North Carolina Libertarian Petition Turn-in May Attract Publicity

The North Carolina Libertarian Party turned in 108,646 raw signatures on May 15, to the State Board of Elections. The counties have already checked them, and 72,935 are valid. The legal requirement is 69,734.

The drive cost the party $134,000, of which $50,000 was from the national party and $84,000 from the state party. The party invited the press to the turn-in, and some press attended. The party points out that the verification process cost elections administrators 4,000 person-hours of labor, at taxpayer expense.

The drive was so expensive for the national Libertarian Party, that the party was unable to pay for the party petition in South Dakota and Oklahoma, and has not started the West Virginia candidate petition, and perhaps may not do any petitioning in West Virginia this year.

A decision on the constitutionality of the North Carolina ballot access law for parties is expected by May 24.

No petition hurdle as great as 69,734 signatures has been met by any new or minor party, or any independent candidate, since Ross Perot overcame a petition requirement of 134,781 signatures in California in 1992, to qualify as an independent. It should be noted that in 1995, two new parties also qualified in California, but that was not by petition. Instead, they each obtained 89,007 registrants. The two parties that did that in 1995 were the Reform and Natural Law Parties.

Special Election for Ohio Attorney General

On May 14, Ohio Attorney General Marc Dann resigned. Ohio will hold a special election to replace him, on November 4, 2008. Since the petition deadline for independent candidates (for office other than president) has already passed, special procedures apply. An independent candidate for Attorney General needs 750 valid signatures, due August 19, 2008. UPDATE: the deadline is May 27, not August 19.

There is no procedure for a previously unqualified party to participate in the special election for Attorney General.
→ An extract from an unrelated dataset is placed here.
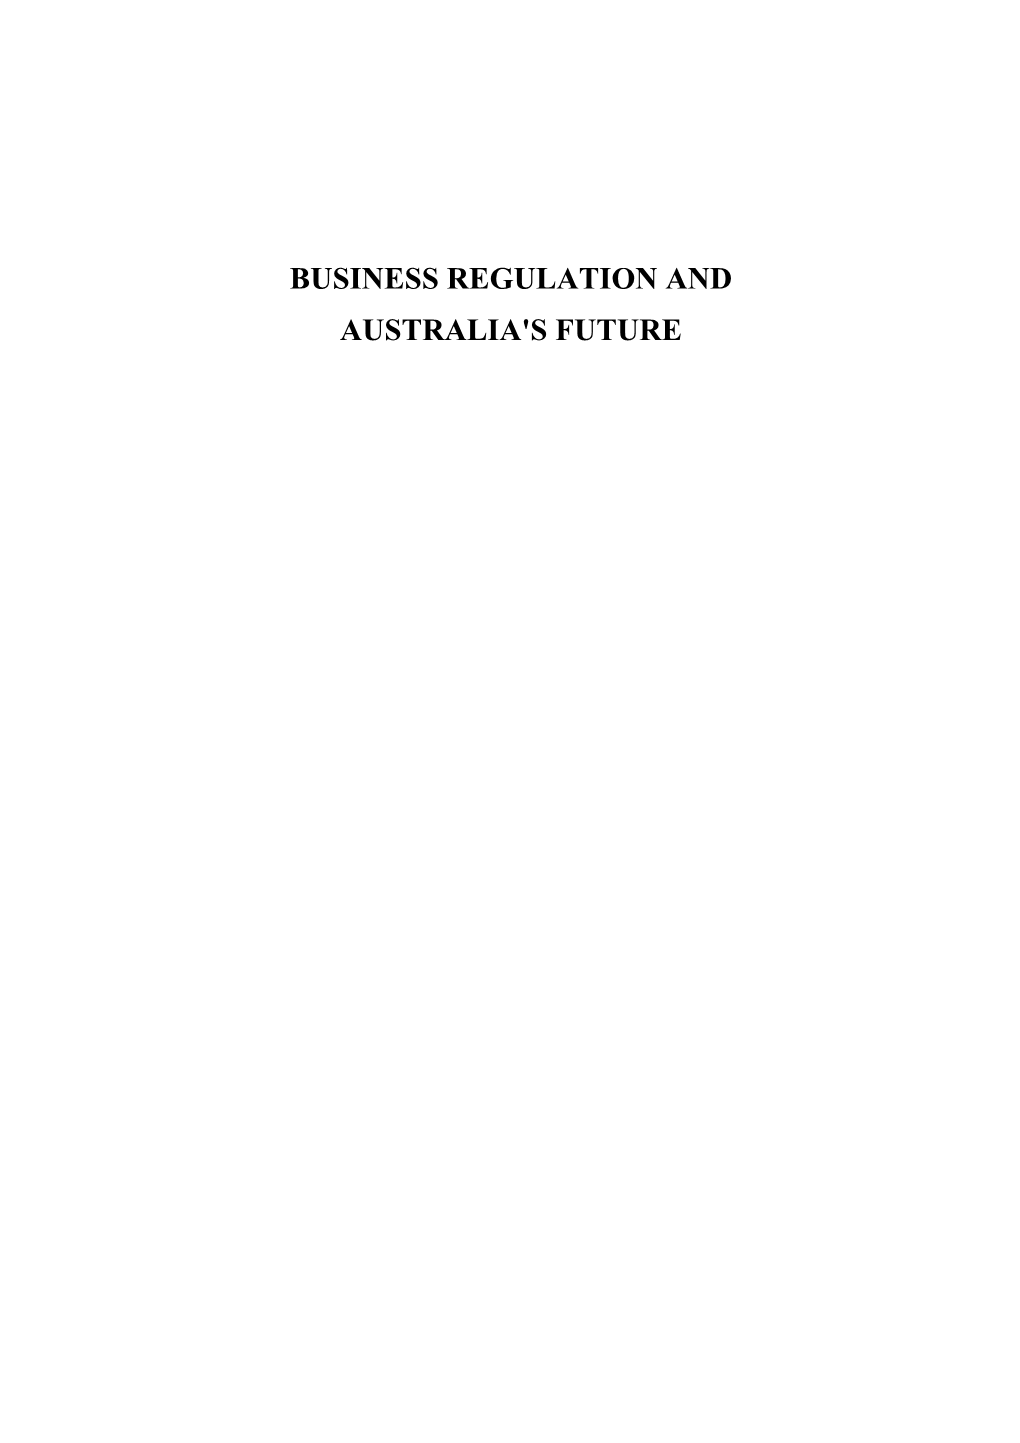 BUSINESS REGULATION and AUSTRALIA's FUTURE Australian Studies in Law, Crime and Justice Wayward Governance: Illegality and Its Control in the Public Sector by P.N

The deadline for a new party (early November 2007) was held unconstitutional by the 6th circuit in 2006, and the legislature still hasn’t passed a new law. Last year the Ohio Secretary of State created a new deadline that was a few weeks later than the old law, meaning late November 2007 instead of early November 2007. A state’s failure to have a procedure for new or previously unqualified parties, in a special election, was held unconstitutional in Green Party of Arkansas v Priest, in 2001. The fact that Arkansas had a procedure for independent candidates in the special election was not sufficient.

Federal Judge Rules Against Democratic National Committee

On May 14, U.S. District Court Judge John D. Bates, a Bush Jr. appointee, ruled against the Democratic National Committee in its lawsuit against the Federal Election Commission. The Democratic National Committee had filed the lawsuit on April 14, saying that the FEC (which has no quorum) will never be able to resolve the Democratic Party’s complaint that John McCain is violating federal campaign laws. But the Judge said the law requires the federal courts to abstain from such lawsuits until the FEC has had the matter for 120 days. He said the fact that the FEC has no quorum is no excuse to disregard that law. The decision is only 5 pages long and can be read at http://electionlawblog.org, Rick Hasen’s law blog.

FOX Business Network Hosts Libertarian Presidential Debate

FOX Business Network will host a televised debate between two contenders for the Libertarian presidential nomination, Mike Gravel and Wayne Allyn Root, on May 16 (Friday), at 8:10 am (eastern time). There will be a 10-minute session which ends at 8:20; then there will be a second session, also 10-minutes, that starts at 8:40. Bob Barr was invited into this debate, but he declined.

Also, Reason Magazine hosts a 3-person debate on May 20 in Washington, DC, at 4 pm eastern time. That debate will not be televised, but will include Gravel, Root, and Barr.